Если в полдень я окажусь перед Залевским с теми же результатами (а вернее, с отсутствием результатов), что и теперь, дело будет изъято из моего производства, и окажется в руках небеспристрастных. А там достаточно будет подкинуть следствию похищенные у меня часы, сопроводив их обнаружение мало-мальски правдоподобной легендой, как… Страшно подумать!

Меня от этих мыслей бросило в жар; я спохватился, что так и стою, прислонившись к дверям кабинета товарища окружного прокурора. Медленно, не разбирая дороги, двинулся я к собственной камере, и у самой лестницы натолкнулся на Плевича, явно поджидавшего меня для разговора. Однако сил душевных, чтобы сейчас беседовать с ним, у меня не было. Еле кивнув ему, я хотел было пройти мимо, но Плевич меня остановил.

— Постойте, Алексей! Вы избегаете меня, а я хотел бы объясниться…

— А надо ли? — с трудом спросил я. У меня просто язык не ворочался, да и мысли все были заняты ночным происшествием, да ожиданием вестей от Людвига.

— Я не хочу, чтобы вы меня считали бесчестным человеком, строящим козни своему товарищу, — с запальчивостью произнес он. — Думаете, я с доносом бегал к Залевскому? Нет, я о вас слова дурного не сказал, поверьте…

Я молчал, не зная, что ответить Плевичу.

— Да, я обратился к нему с рапортом, просил поручить мне дело, — продолжил он после паузы. — О причинах своего желания принять дело к расследованию я вас поставил в известность, не так ли?

Я развел руками. Что я мог сказать ему?

— Вы обижаетесь, Алексей. Поверьте, напрасно. Я не хотел бы ссориться с вами…

Кивнув, я повернулся и направился в свою камеру. Спиной я чувствовал жгучий взгляд товарища; впрочем, мог ли я теперь считать его товарищем?

Едва только войдя к себе, я запер дверь изнутри и, обессиленный, прислонился к стене. Мысли мои путались; отчетливо понимая, что мне следовало бы тотчас уехать из прокуратуры, хотя бы из соображений своей безопасности, я тем не менее не в силах был сдвинуться с места. Сидеть бы в этой норке, отгородившись от всего враждебного мира, и ждать, пока добрый вестник принесет мне освобождение…

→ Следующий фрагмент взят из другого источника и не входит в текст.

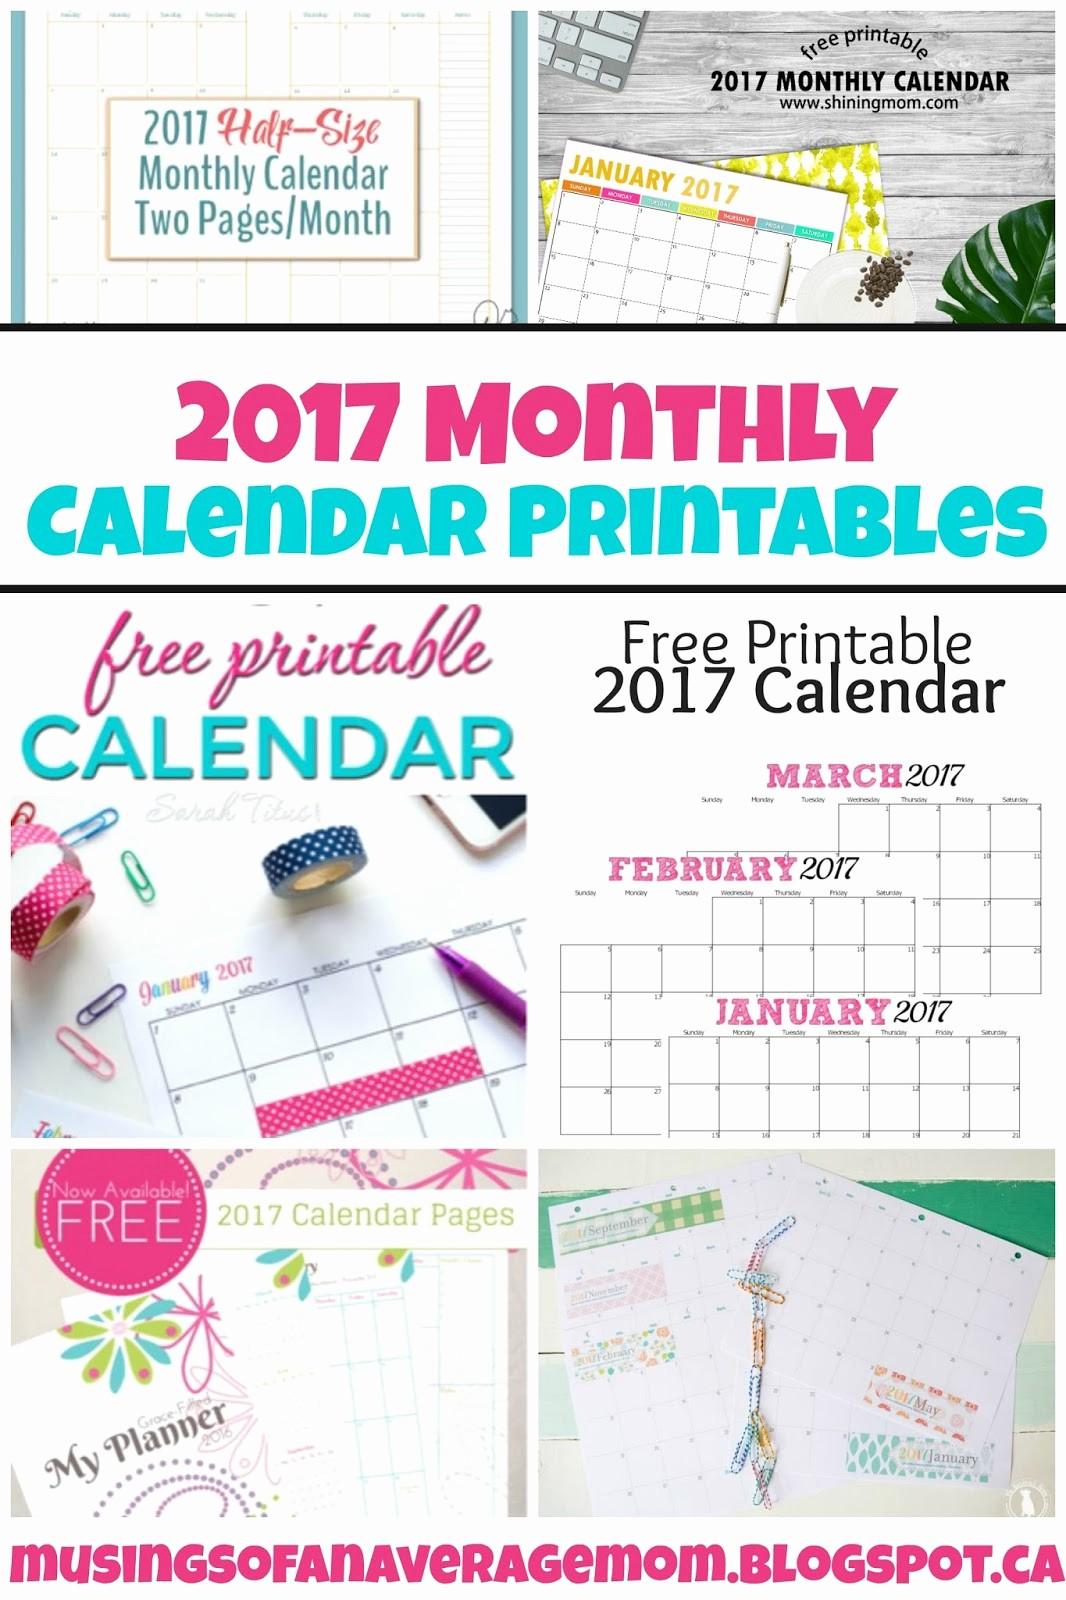 Free Printable Weekly Calendars 2017 Elegant Musings Of An Average Mom 2017 Monthly Calendars
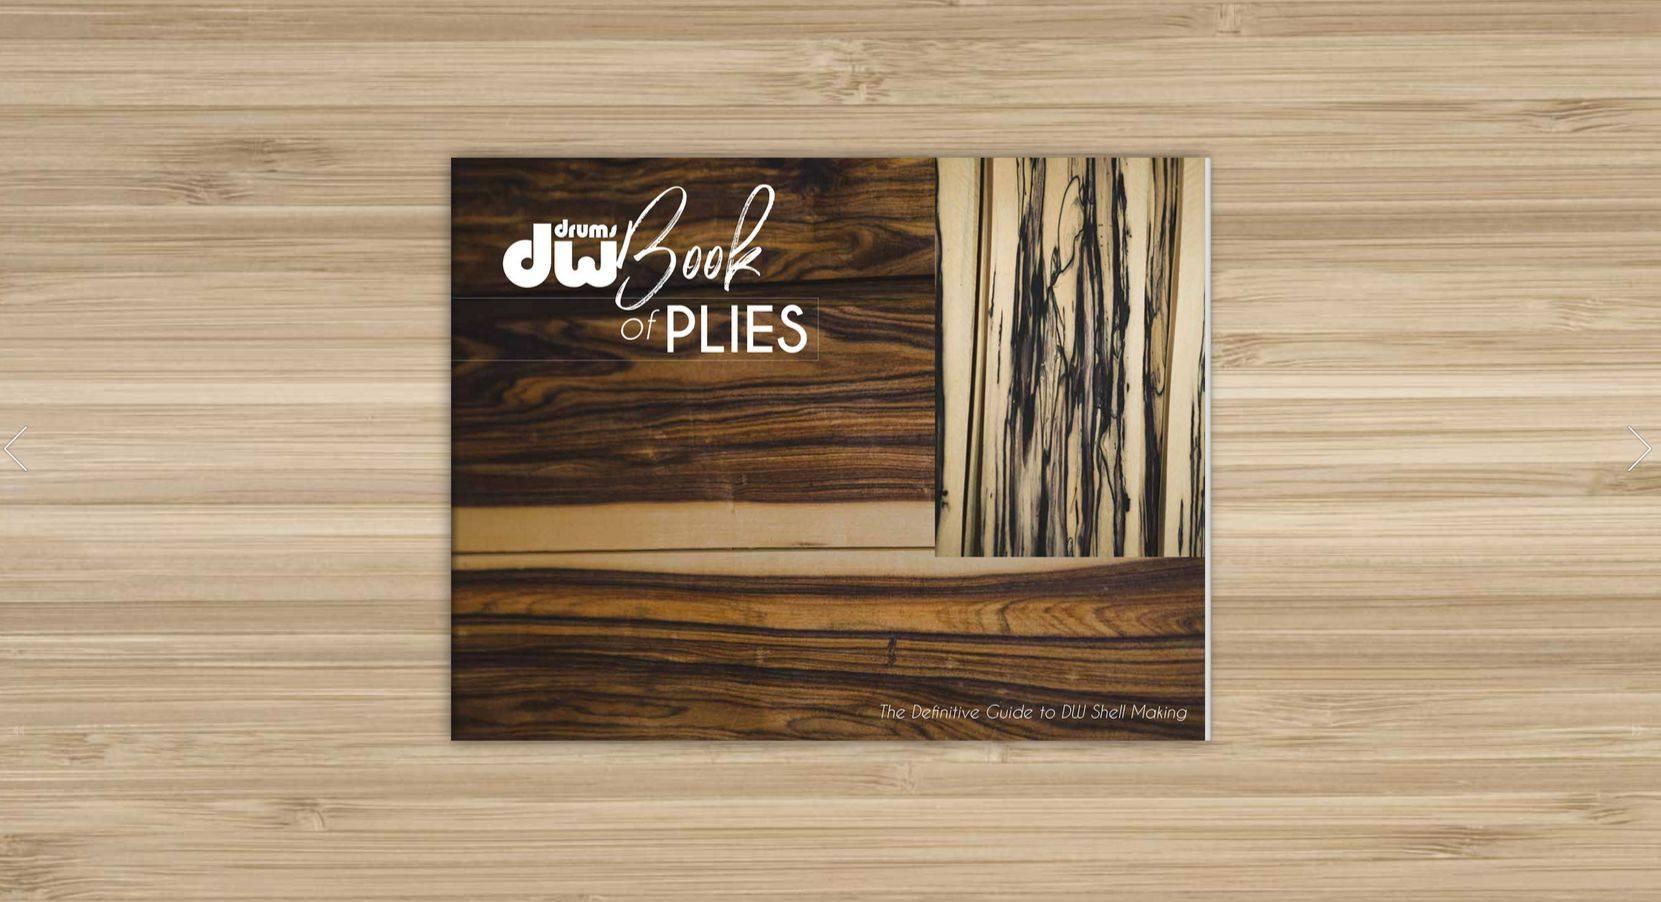 DW Drums, John Good, The Book Of Plies

Кто-то стучал в мою камеру, но я не открывал, отчего-то зная наверное, что это не Людвиг Мару-то. Сколько времени так прошло, я не мог точно определить. И часов у меня не было, чтобы отсчитывать минуты моего добровольного заточения; и стоило мне подумать о том, при каких обстоятельствах я их лишился, как у меня аж в голове мутилось от стыда и отчаяния…

Мучимый всеми душераздирающими чувствами, которые только может испытывать приговоренный к казни, метался я по тесной камере, думая обо всем одновременно: и о том, что полиция непростительно долго устанавливает личность убитого, и о загадочном происшествии со мной минувшей ночью, и о том, что надо бы узнать больше о семье Реденов, об отношениях между членами семьи — ведь убитого нашли в их доме, и убитый, несомненно, имел какую-то связь с одним из носящих фамилию Реденов… И о том, где же столько времени пропадает мой посланник, Людвиг Маруто-Сокольский?! Уже нет сил дожидаться его…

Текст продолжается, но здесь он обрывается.